Report from consulting expert to stay secret, appeals court rules

David Yates Aug. 24, 2010, 10:43am

A report entailing the "mental impressions" of a "consulting-only expert," who aided in formulating legal strategies in an automobile collision lawsuit, will stay secret, thanks to a recent appeals court ruling.

In January 2007, Pennsylvania resident Brandon Culp filed suit against Nevada-based Schneider National Carriers and one its truck drivers, Beaumont resident Phillip Johnson.

Court papers show that on Jan. 9, 2005, Culp was traveling westbound on Highway 20 in Mississippi when Johnson, who was carrying a load for Schneider, rear-ended him and forced him into the guardrail, causing the vehicle to overturn and eject him onto the highway pavement.

After filing the suit, Culp's counsel, Mississippi attorney James Nobles Jr., attempted to contact former Schneider employee and claims representative Mehdi Arradizadeh, court papers say.
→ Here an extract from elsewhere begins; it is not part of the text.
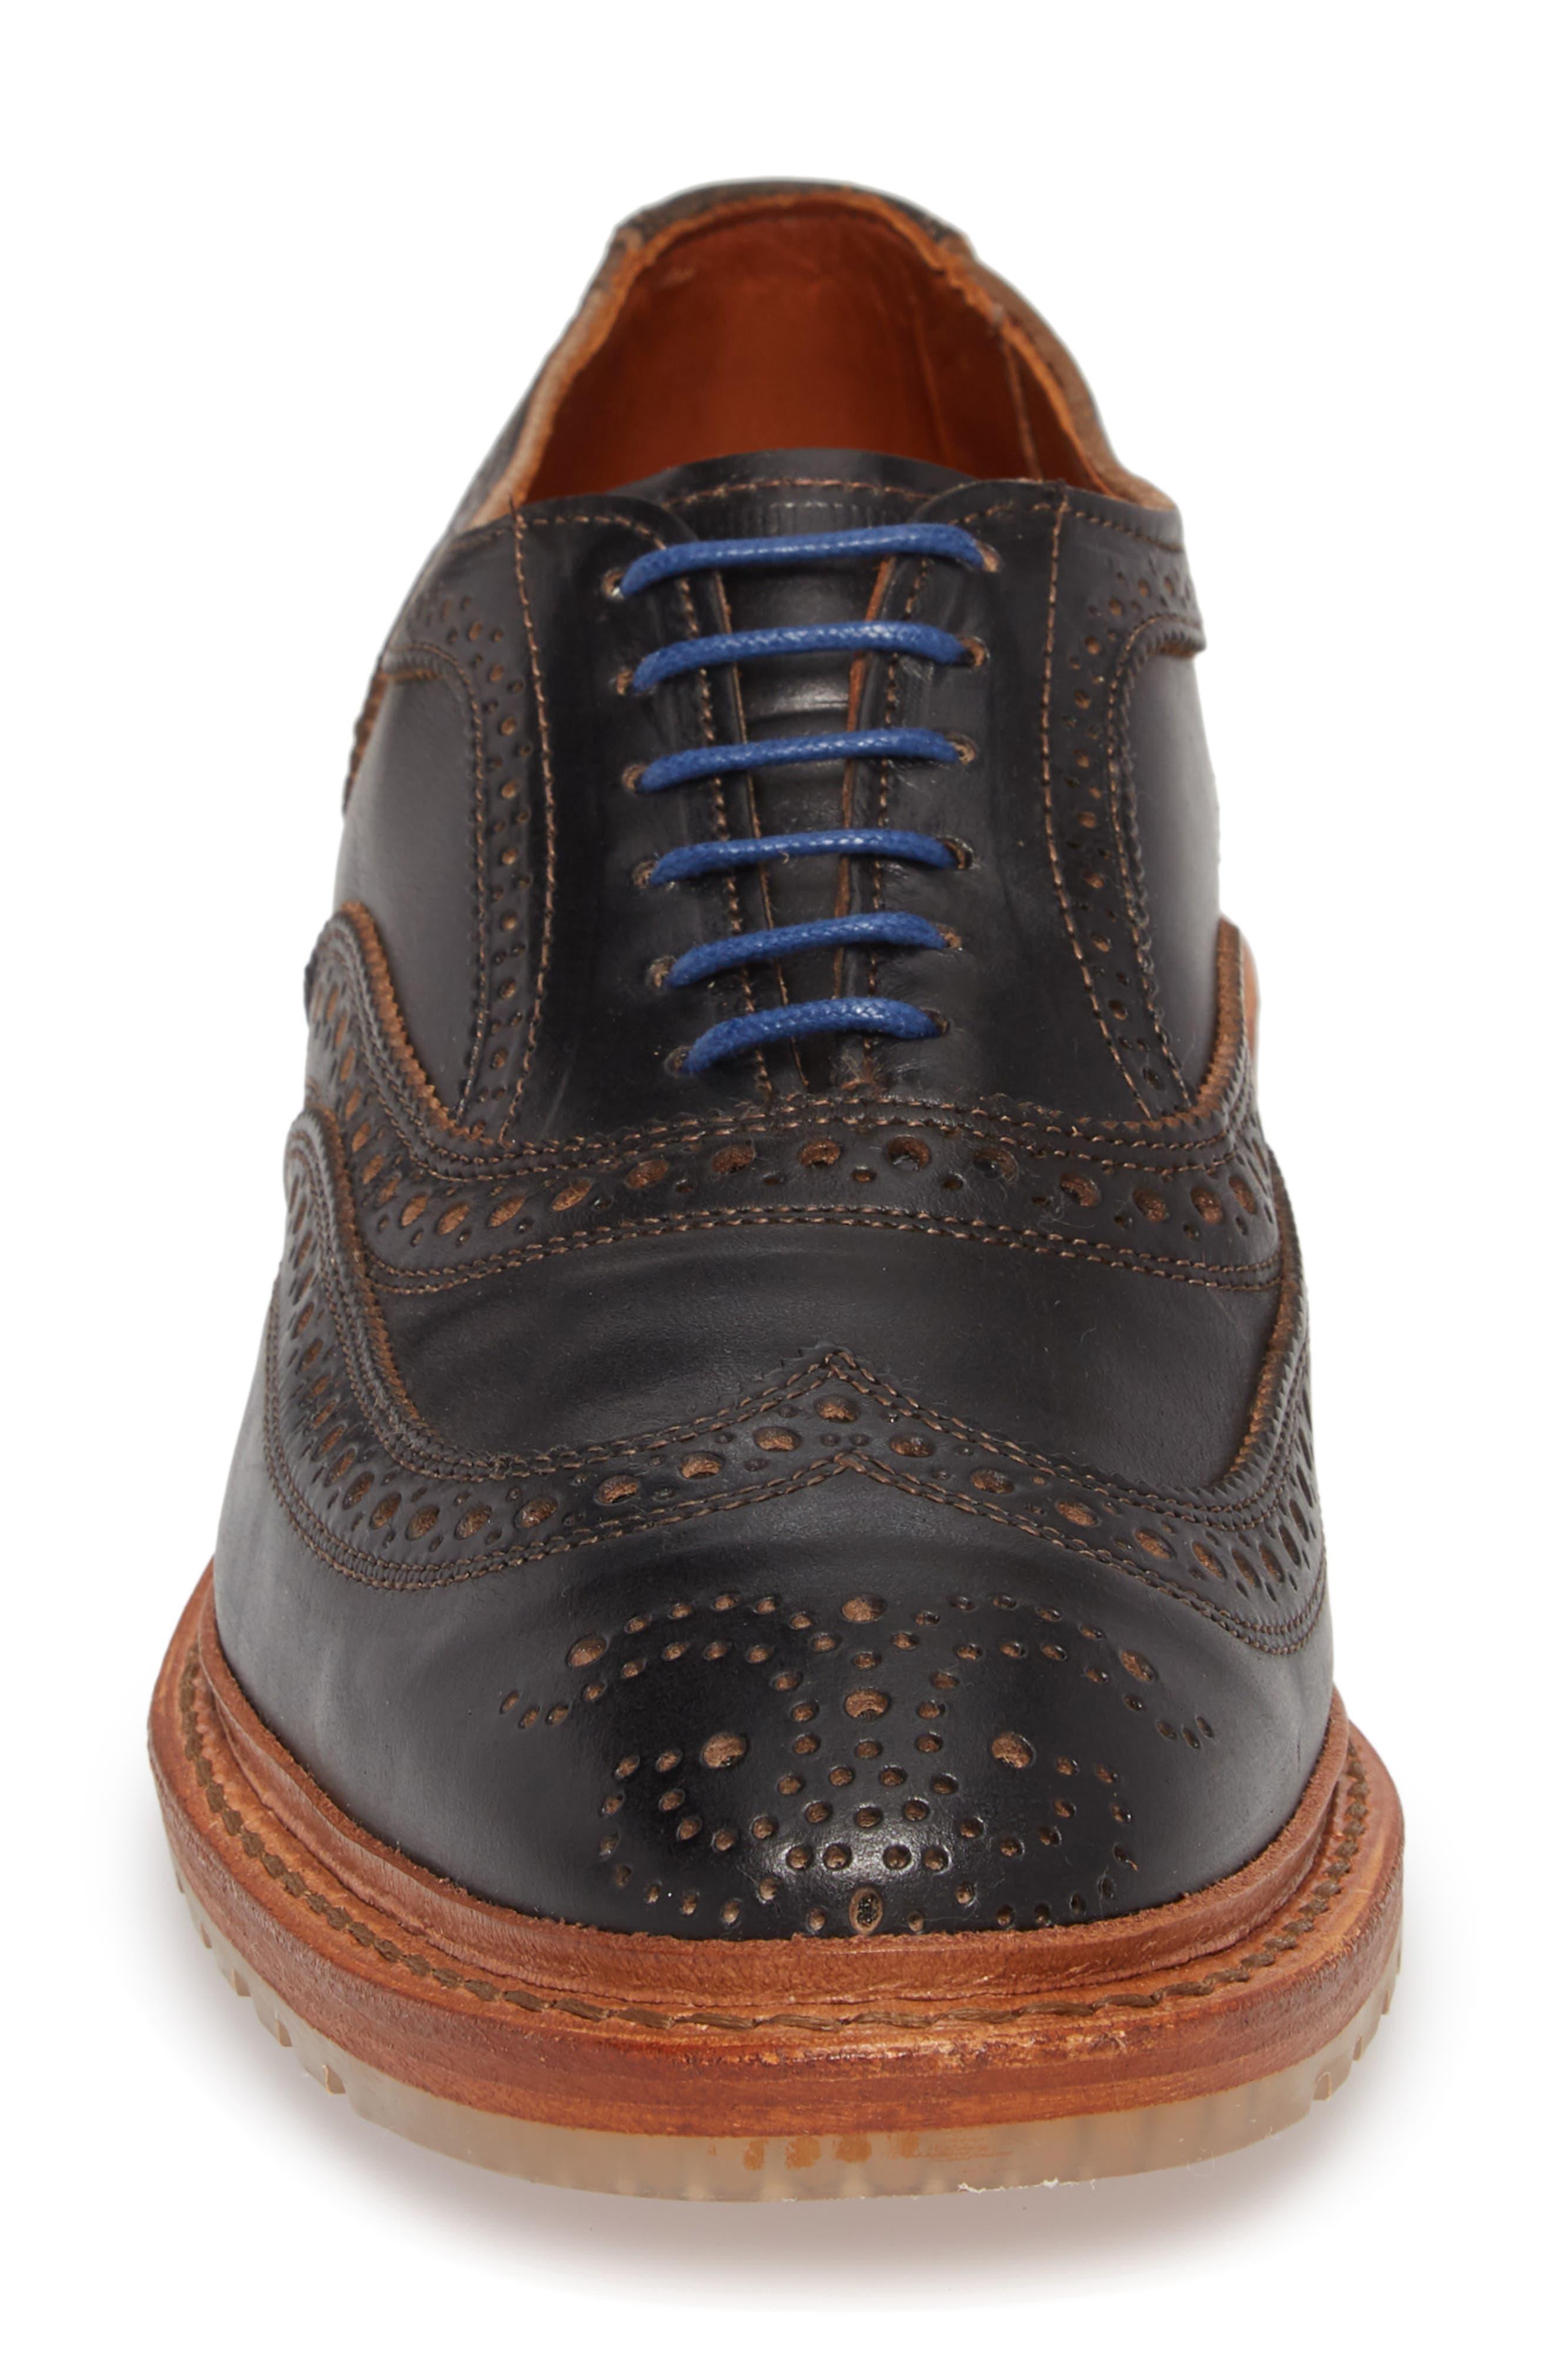 McTavish Lugged Wingtip,                             Alternate thumbnail 4, color,                             Black Leather

In response, Johnson and Schneider filed a motion for protective order, petitioning Judge Gary Sanderson, 60th District Court, to cease all of Nobles' communications with Arradizadeh and to compel him to identify "all fact witnesses he refused to disclose, including all former (defendant) employees ... who he improperly characterized as 'consulting experts' to evade disclosure."

Culp agreed to cease attempting to contact Arradizadeh, but refused to disclose the identity of former Schneider employees that he characterized as consulting experts, court papers say.

However, on June 16 Judge Sanderson granted the motion and ordered Culp to give up the identities of the Schneider employees, forcing him to appeal.

On appeal, Culp contends the judge abused his discretion by ordering the disclosure of information regarding the identity of the "consulting-only expert," and to disclose the report of the incident, which entailed the "mental impressions" of the expert, court papers say.

On Aug. 19 justices seated on the Ninth Court of appeals released a per curiam opinion partially granting Culp's appeal.

Justices found that Culp failed to show Judge Sanderson erred by ordering him to give up the identity of consultant but did, however, find that the judge erred in ordering him to disclose his report on the matter.

"Because the real parties in interest may not discover information about relator's litigation strategies, after reviewing the report, we conclude that relator may not be required to disclose the individual's report," the opinion states.

"Accordingly ... we conditionally grant a writ of mandamus and instruct the trial court to vacate that portion of the June 16, 2010, order that requires relator to disclose the individual's report. We are confident that the trial court will comply, and the writ will issue only if it does not."

Schneider and Johnson are represented by attorneys Jon B. Burmeister, Marvin B. Peterson Jr. and Mary Ann Starks.